Protecting these mesoscale structures is more important now than ever. As Robert Putnam wrote decades ago, many of America’s communal institutions have degraded, leaving individuals exposed to both the state and corporations. This decline has already been accelerated by social media, which so often incentives a retreat into solitude. AI must be set up to reverse this trend.

AI-driven job displacement is squarely on the agenda. But if the intermediate institutions are not equipped to receive a generation of men and women who have located much of their significance in their work, the harms of that displacement will compound far beyond what labor-market data alone can capture.

What community-oriented scholarship would add

The relevant scholarship already exists. Places like Taiwan have successfully steered digital technology to support communities as E. Glen Weyl and Audrey Tang's Plurality (2024) documents.

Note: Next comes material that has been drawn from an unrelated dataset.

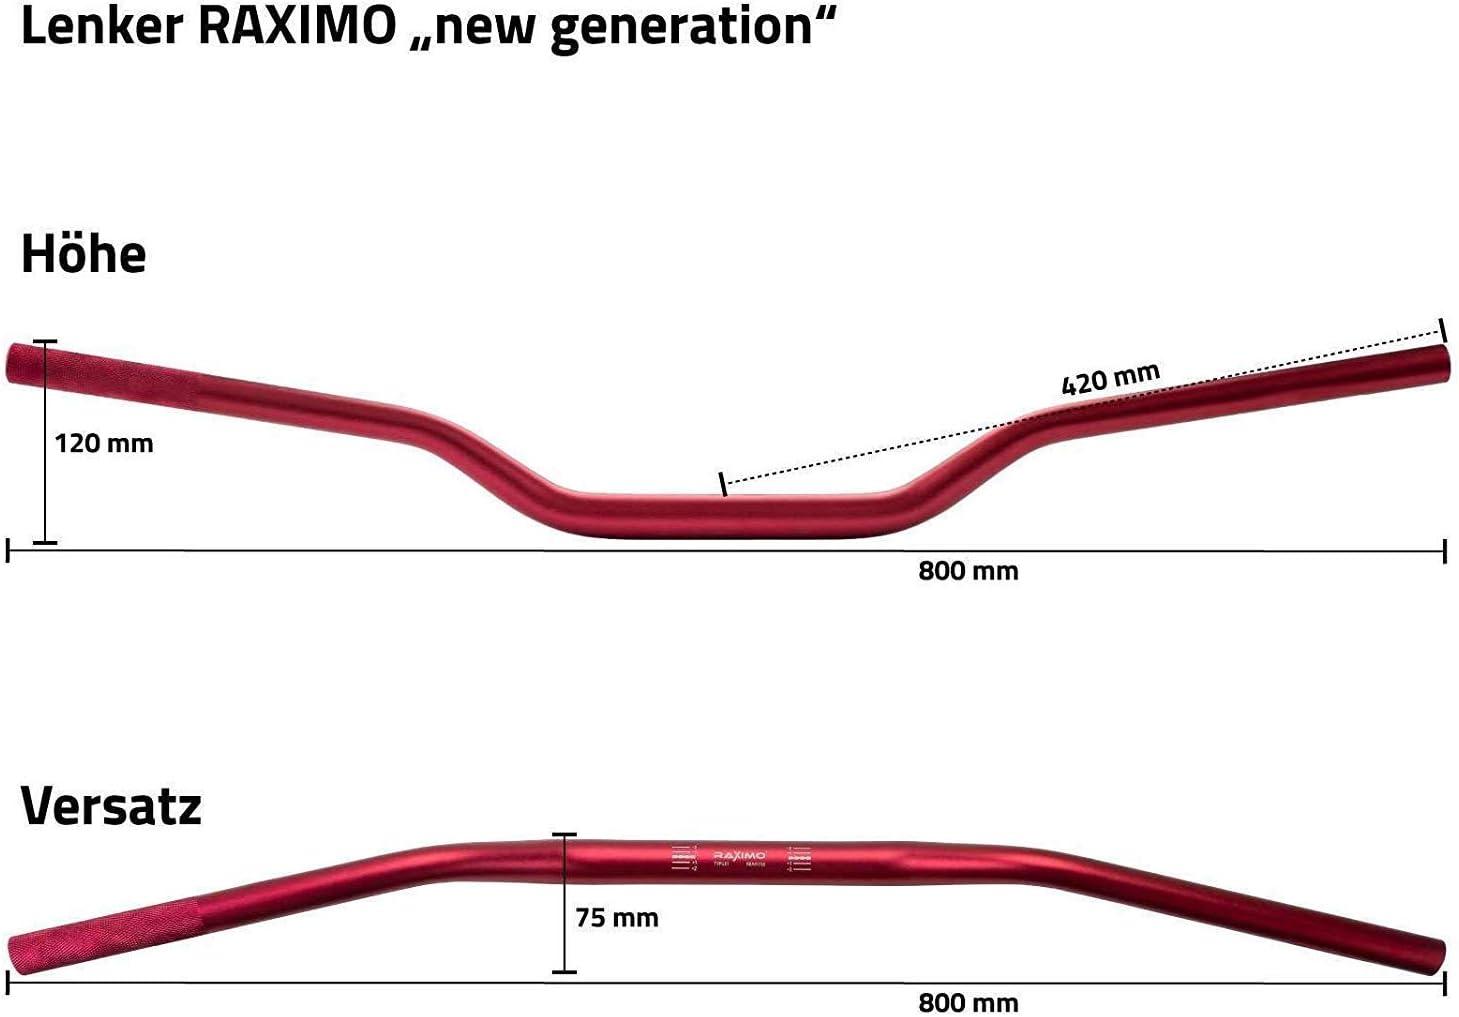 Alu Lenker New Generation 28mm konisch mit ABE Raximo schwarz

Yet such work has nowhere near the leverage that institutions like Anthropic have to study and affect change.  A research agenda supporting community flourishing should study

1. AI's effect on intermediate institutions. What happens to congregations, recovery groups, and civic associations when a meaningful portion of the loneliness they have historically absorbed is now absorbed by a chatbot? Volunteer participation, membership trends, and indicators of social cohesion are all measurable, and warrant measurement now.

2. AI and family formation. Data on AI companions extends well beyond adolescence. People who locate meaning in family tend to form families. People who locate meaning in work, when work recedes, often do not replace it. AI accelerates both trajectories.

3. AI's effect on relational virtues. Sycophancy and echo-chamber dynamics are the inverse of what genuine friendship cultivates: the capacity to receive correction, to sit with disagreement, and to repair rupture. If a generation forms its emotional habits in dialogue with systems that never resist, the consequences for its capacity for human relationship merit empirical study.

Why the gap exists

The tech industry's intellectual heritage is individualist in its premises and systems-oriented in its analyses. Its founding metaphors come from physics and economics. Its metrics track user engagement and aggregate capability. There is nothing necessary about this: relationships with peers, attitudes toward authority, participation in community institutions all can be measured with roughly the same ease as individual-level outcomes and a range of studies show they are more predictive of long-term economic performance. The barrier is ideological, not methodological

We urge technology companies, including Anthropic, to focus on the missing middle. Their work is already affecting these structures. Whether intentional or accidental, not doing so could undermine the very structures that underlie a civil society. If Anthropic's stated goal is the "long-term benefit of humanity," it cannot do so without understanding the impact of AI on what makes humanity what it is.